Hours before the announcement, 15-year-old Claudia Conway claimed in a viral tweet that her mother’s job had “ruined [her] life”.
“Heartbreaking that she continues to go down that path after years of watching her children suffer,” she wrote, describing her mother’s behaviour as “selfish”.
my mother’s job ruined my life to begin with. heartbreaking that she continues to go down that path after years of watching her children suffer. selfish. it’s all about money and fame, ladies and gentlemen.— CLAUDIA CONWAY (@claudiamconwayy) August 23, 2020
Kellyanne Conway’s husband, the DC-based attorney George Conway, said on Sunday that he would be stepping down from The Lincoln Project – a group formed by anti-Trump Republicans – also citing family reasons. George Conway has been an outspoken Trump critic and once called the president “incompetent”. Trump hit back by calling him a “stone cold loser” and “husband from hell”.

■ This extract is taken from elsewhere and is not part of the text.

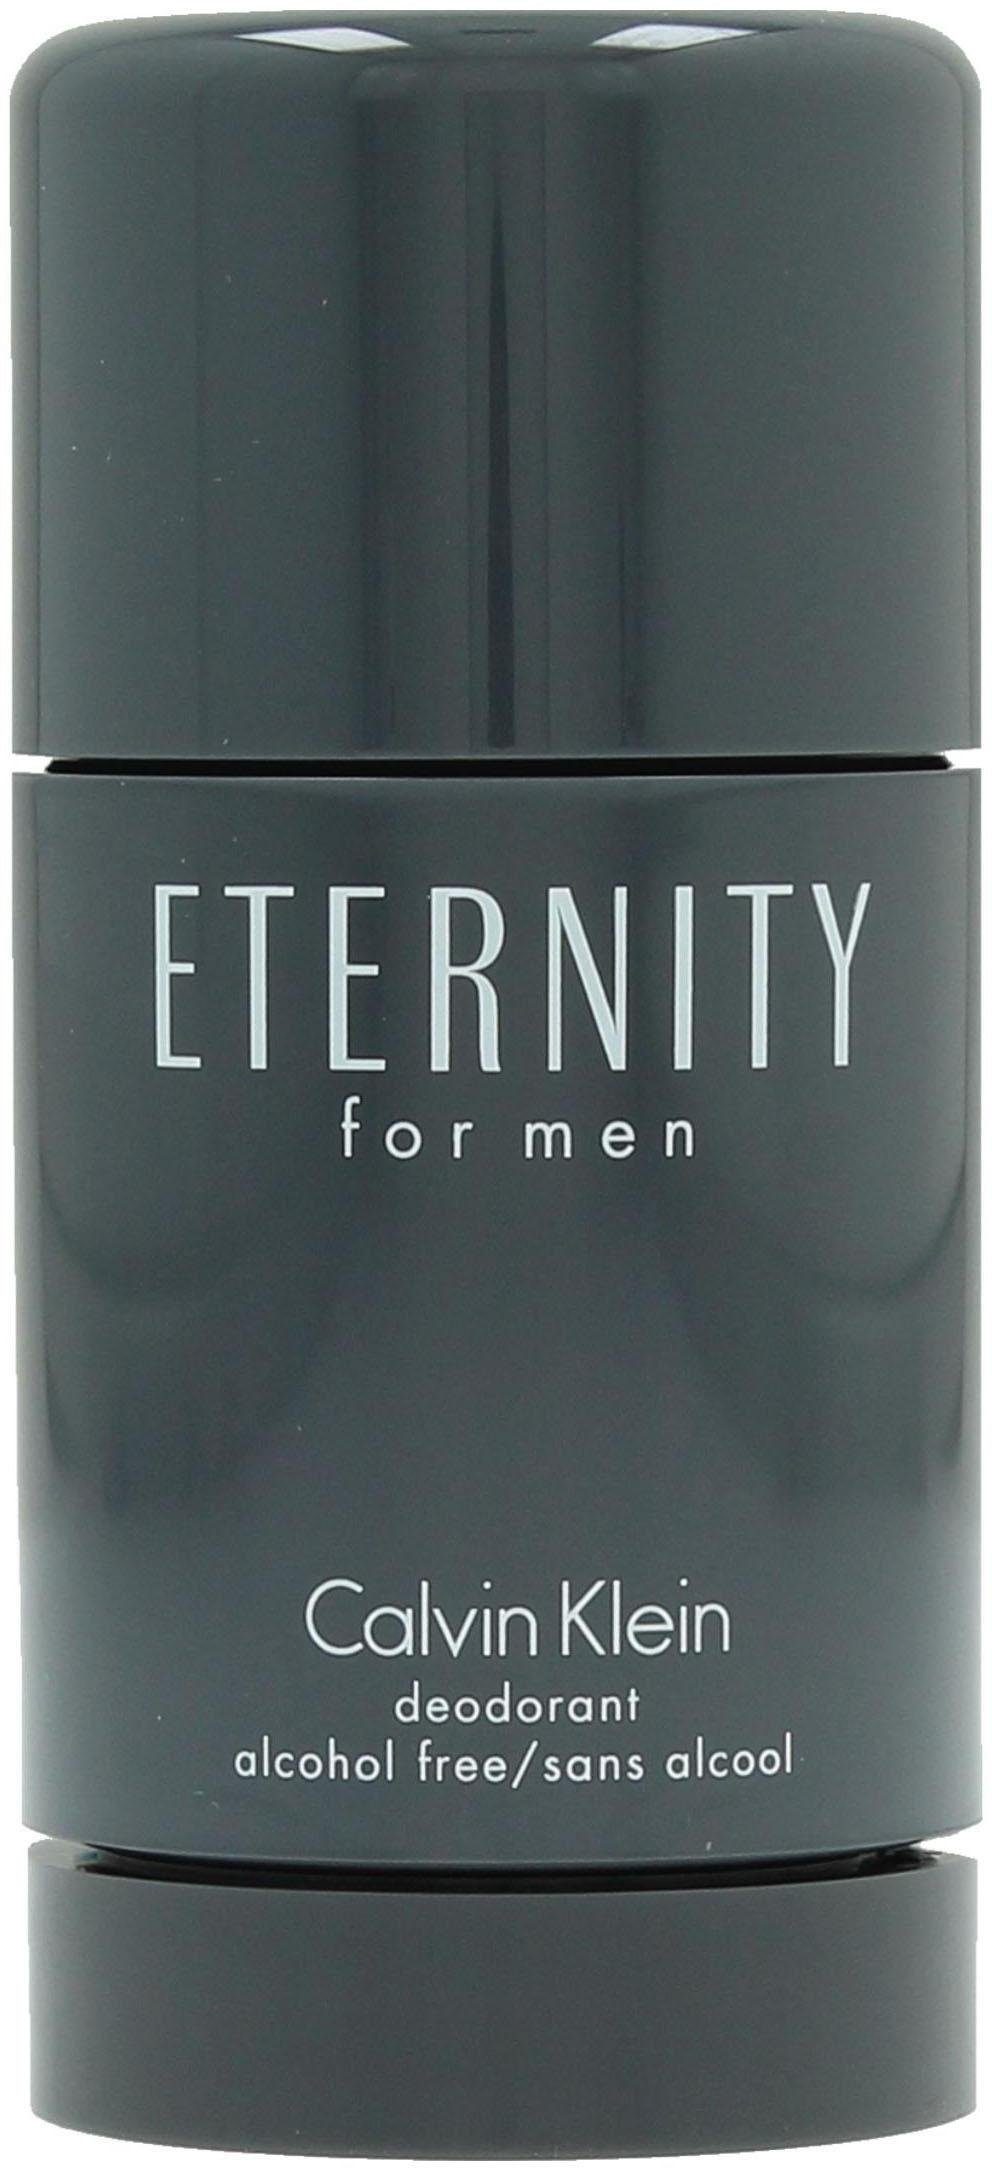 Calvin Klein Deo-Stift Eternity for Men online kaufen | OTTO
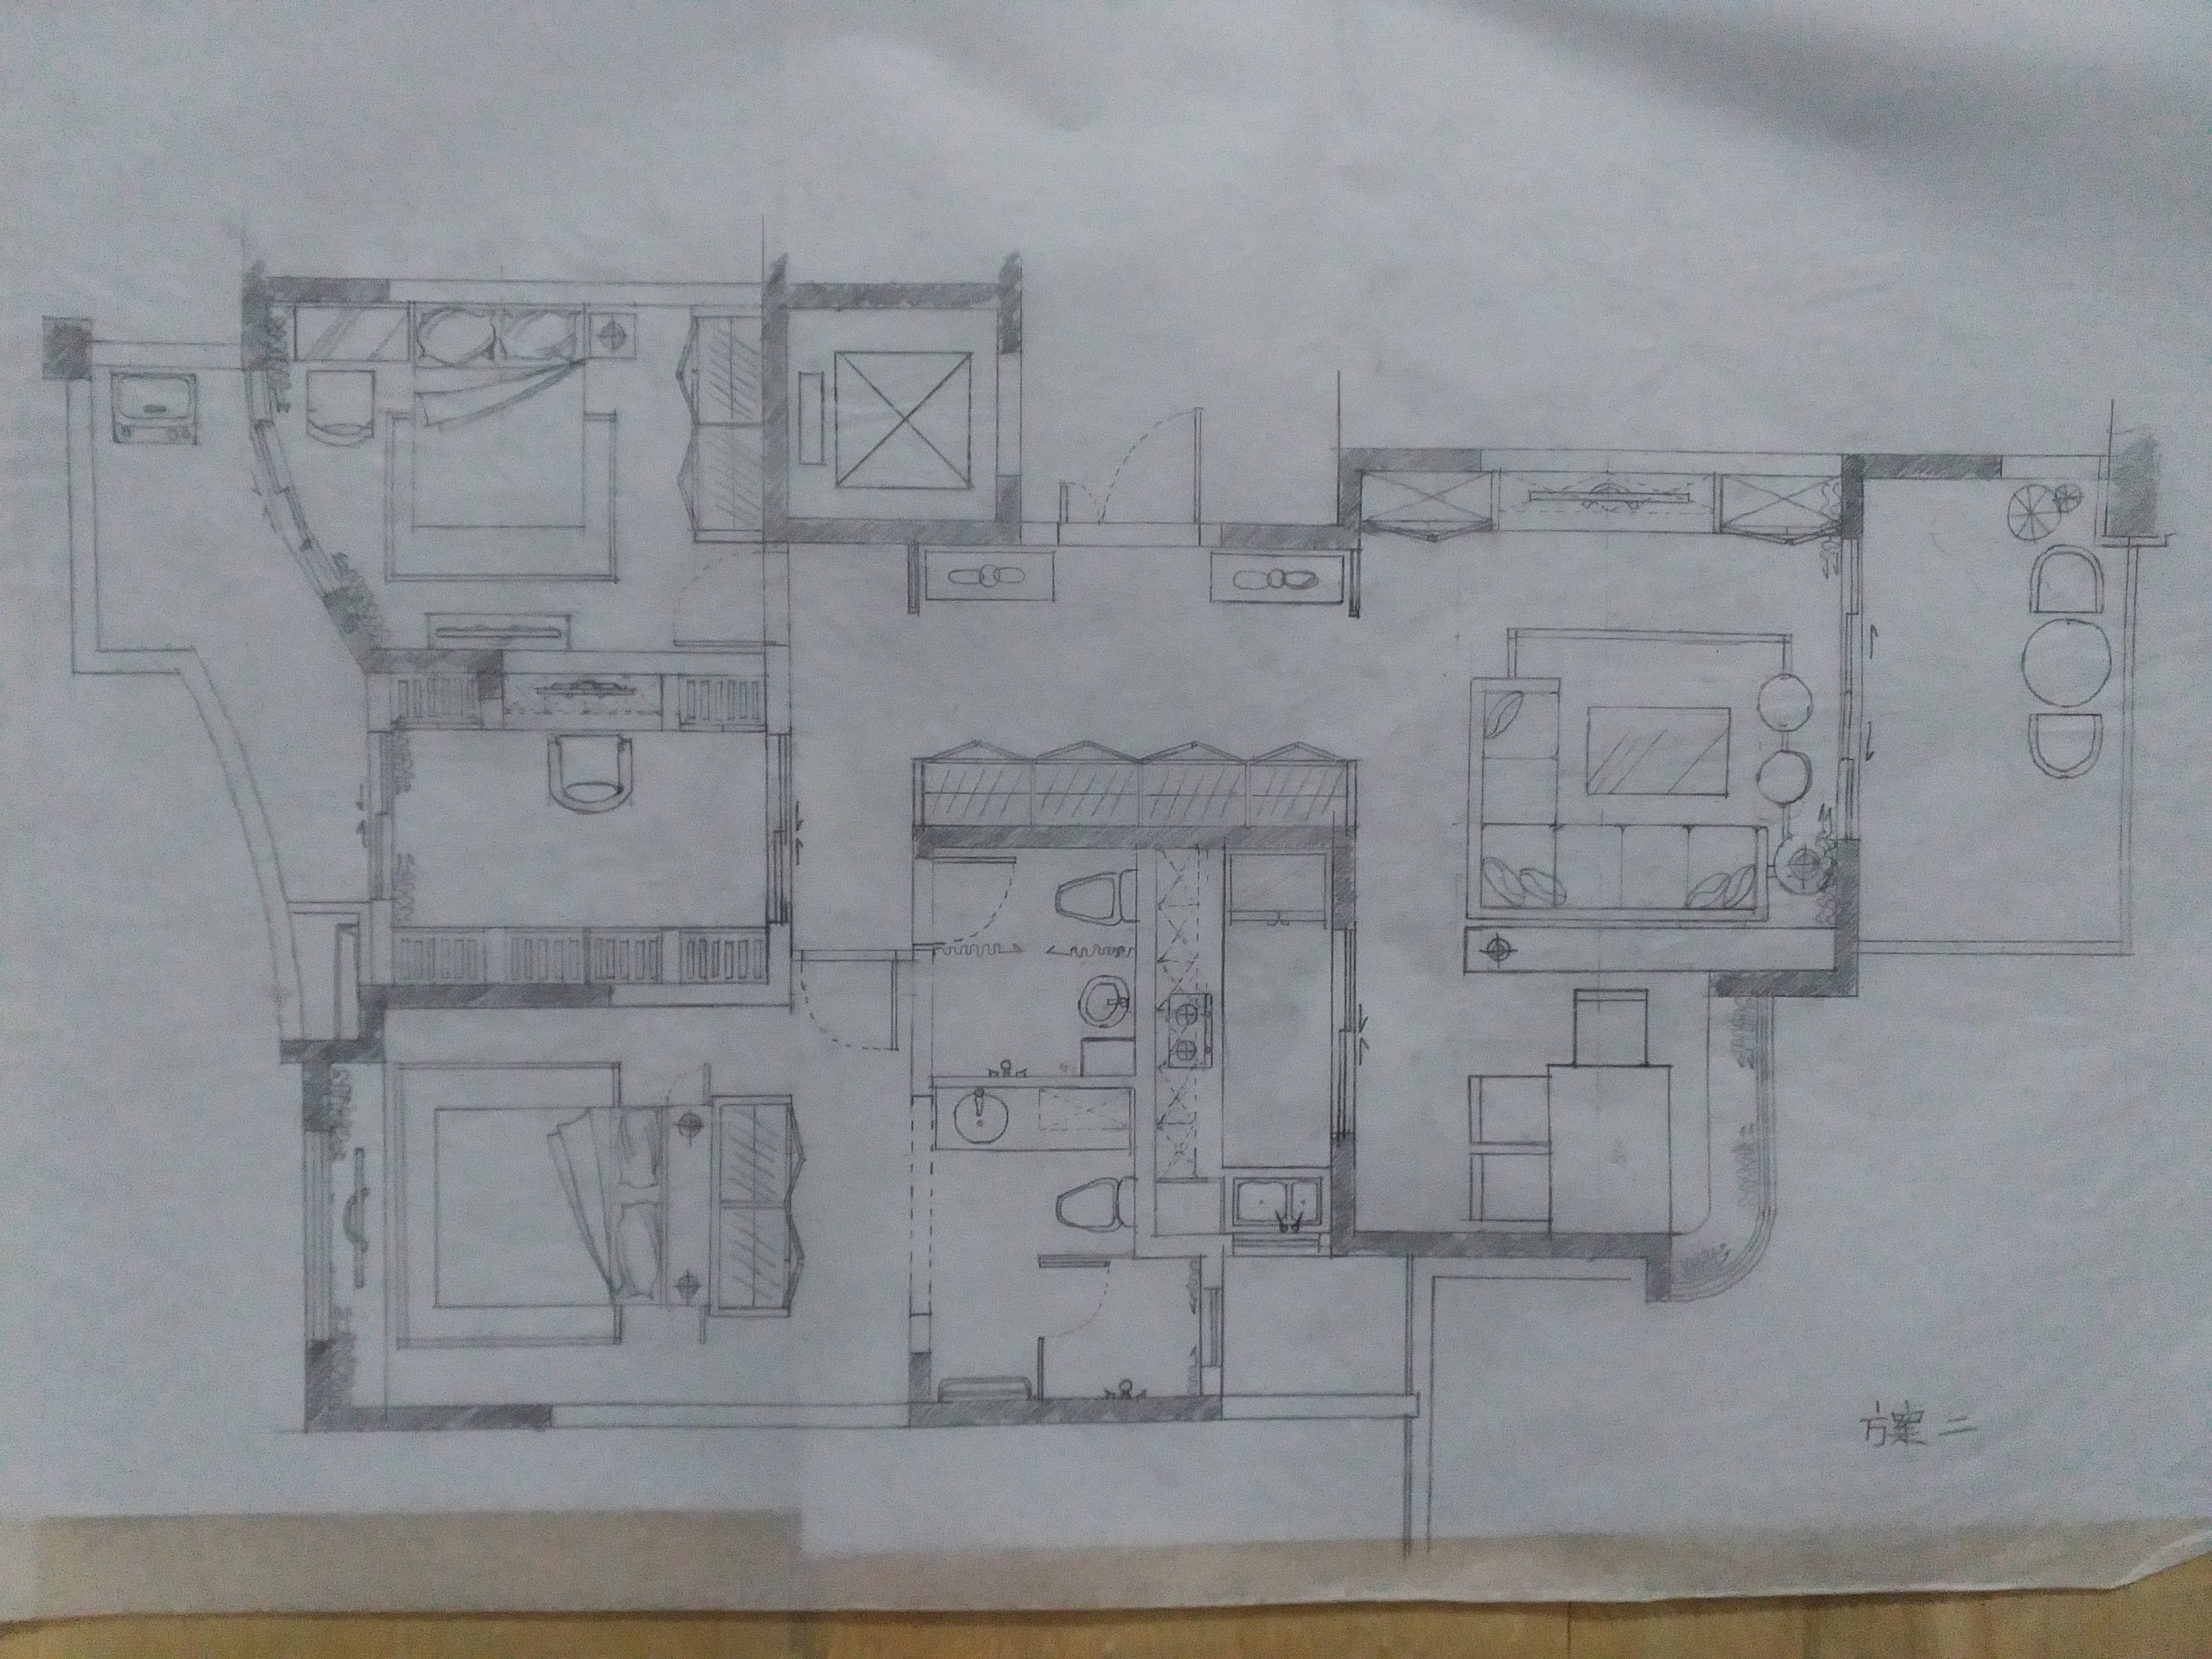 房屋平面设计图手绘图片

The Senate Majority Leader will have a speaking role on Thursday. This was confirmed after his spokeswoman said that he would be travelling across his home state of Kentucky at the time of the convention. The aide later walked back her statement, citing “miscommunication”.
McConnell, a close Trump ally presiding over a slim three-seat majority in the Senate, will submit taped remarks.
Just like Mike Pompeo’s Jerusalem message, Ivanka Trump’s scheduled appearance on Thursday has drawn similar concerns over working ethics.
The president’s daughter and senior adviser cannot invoke federal authority, according to the rules, and has to be introduced as his daughter and not his employee.
I’m excited to introduce my father this Thursday night at the Republican National Convention! 🇺🇸🇺🇸🇺🇸 pic.twitter.com/EkSTzS0tEW— Ivanka Trump (@IvankaTrump) August 23, 2020
The White House has reaffirmed that Ivanka, who introduced her father on the first night of the convention, will be speaking in her “personal capacity” to avoid a Hatch Act violation.
That Giuliani is in the line-up gives reason to believe the convention won’t be all about praising Trump’s track record and plans for the future.
His personal attorney has led the charge to look into corruption accusations against Joe Biden in Ukraine. That charge ended up with a failed attempt to oust Trump in the winter through impeachment, but Giuliani may well revive the conspiracy in his address on Thursday.
Another prominent speaker – and the only one on this list from outside the political realm – will be Dana White, president of the Ultimate Fighting Championship.
The face of MMA’s biggest promotion is a long-time supporter of the US president, having stumped for Trump at the 2016 convention in Cleveland.
White, a major Republican donor, recalled their personal connection at the time. “In 2001, my partners and I bought the UFC and it was basically considered a blood sport,” he said in an animated speech in Cleveland. “State athletic commissions didn’t support us, arenas around the world refused to host our events. Nobody took us seriously. Nobody, except Donald Trump.”
“Donald was the first guy that recognised the potential that we saw in the UFC and encouraged us to build our business. He hosted our first two events at his venue. He dealt with us personally.”
Trump also became the first sitting US president to attend an MMA fight when he was in attendance at UFC 244 in New York in November 2019.